Hydrogen bond information (records DNR and ACC) was made very
redundant to facilitate human reading and will not be reported by
default.
*) IMPORTANT NOTE: if the protein chain identifier is ' ' (space), it
will be substituted by '-' (dash) everywhere in the STRIDE output.
The same is true for command line parameters involving chain
identifiers where you have to specify '-' instead of ' '.
**) One-letter secondary structure code is nearly the same as used in
DSSP [2] (see Frishman and Argos [1] for details):
H Alpha helix
G 3-10 helix
I PI-helix
E Extended conformation
B or b Isolated bridge
T Turn
C Coil (none of the above)
For each record (data line) except those with codes REM and STR the
number of fields is consistent and is readily suitable for processing
with external tools, such as awk, perl, etc.

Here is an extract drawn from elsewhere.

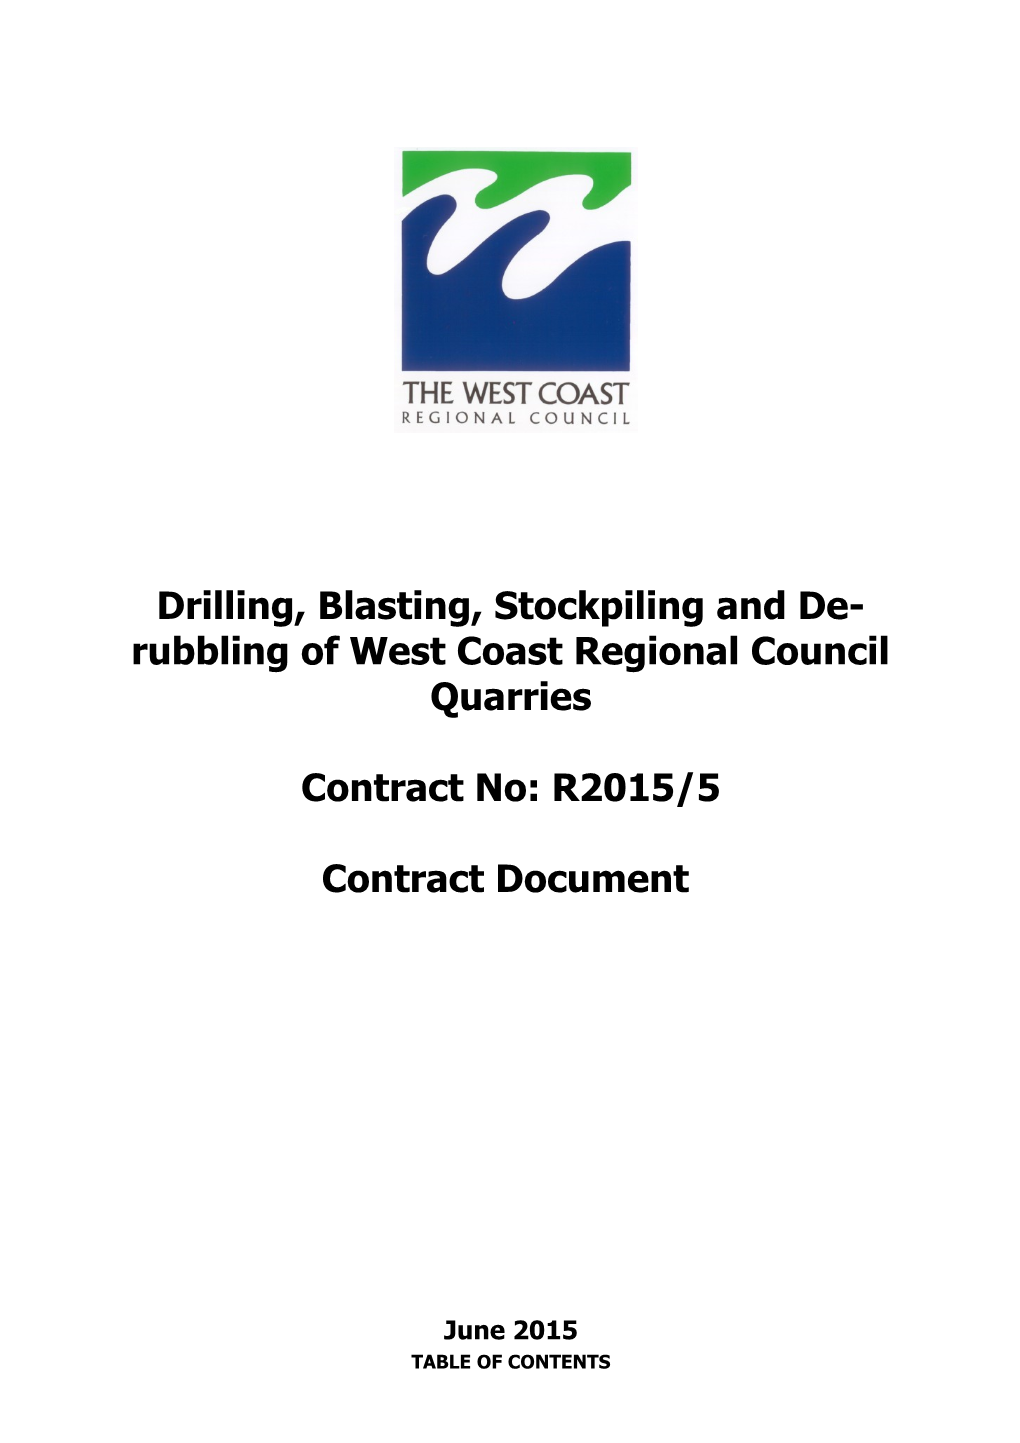 Drilling, Blasting, Stockpiling and De-Rubbling of West Coast Regional Council Quarries

7. Bug reports and user feedback
Please send your suggestions, questions and bug reports to
FRISHMAN@EMBL-HEIDELBERG.DE. Send your contact address to get
information on updates and new features.
8. References
1. Frishman,D & Argos,P. (1995) Knowledge-based secondary structure
assignment. Proteins: structure, function and genetics, 23,
566-579.
2. Kabsch,W. & Sander,C. (1983) Dictionary of protein secondary
structure: pattern recognition of hydrogen-bonded and
geometrical features. Biopolymers, 22: 2577-2637.

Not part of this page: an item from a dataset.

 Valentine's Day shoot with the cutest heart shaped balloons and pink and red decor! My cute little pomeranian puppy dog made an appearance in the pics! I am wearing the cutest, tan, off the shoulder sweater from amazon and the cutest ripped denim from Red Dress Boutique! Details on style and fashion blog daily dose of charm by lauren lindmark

3. Eisenhaber, F. and Argos, P. (1993) Improved strategy in
analytic surface calculation for molecular systems: handling of
singularities and computational efficiency. J. comput. Chem. 14,
1272-1280.
4. Eisenhaber, F., Lijnzaad, P., Argos, P., Sander, C., and Scharf,
M. (1995) The double cubic lattice method: efficient approaches
to numerical integration of surface area and volume and to dot
surface contouring of molecular assemblies. J. comput. Chem. 16,
273-284.
5. Bernstein, F.C., Koetzle, T.F., Williams, G.J., Meyer, E.F.,
Brice, M.D., Rodgers, J.R., Kennard, O., Shimanouchi, T., and
Tasumi, M. (1977) The protein data bank: a computer-based
archival file for macromolecular structures. J. Mol. Biol. 112,
535-542.
6. Kraulis, P.J. (1991) MOLSCRIPT: a program to produce both
detailed and schematic plots of protein structures. J. Appl.
Cryst. 24, 946-950.
7. Pearson, W.R. (1990) Rapid and sensitive sequence comparison
with FASTP and FASTA. Methods. Enzymol. 183, 63-98.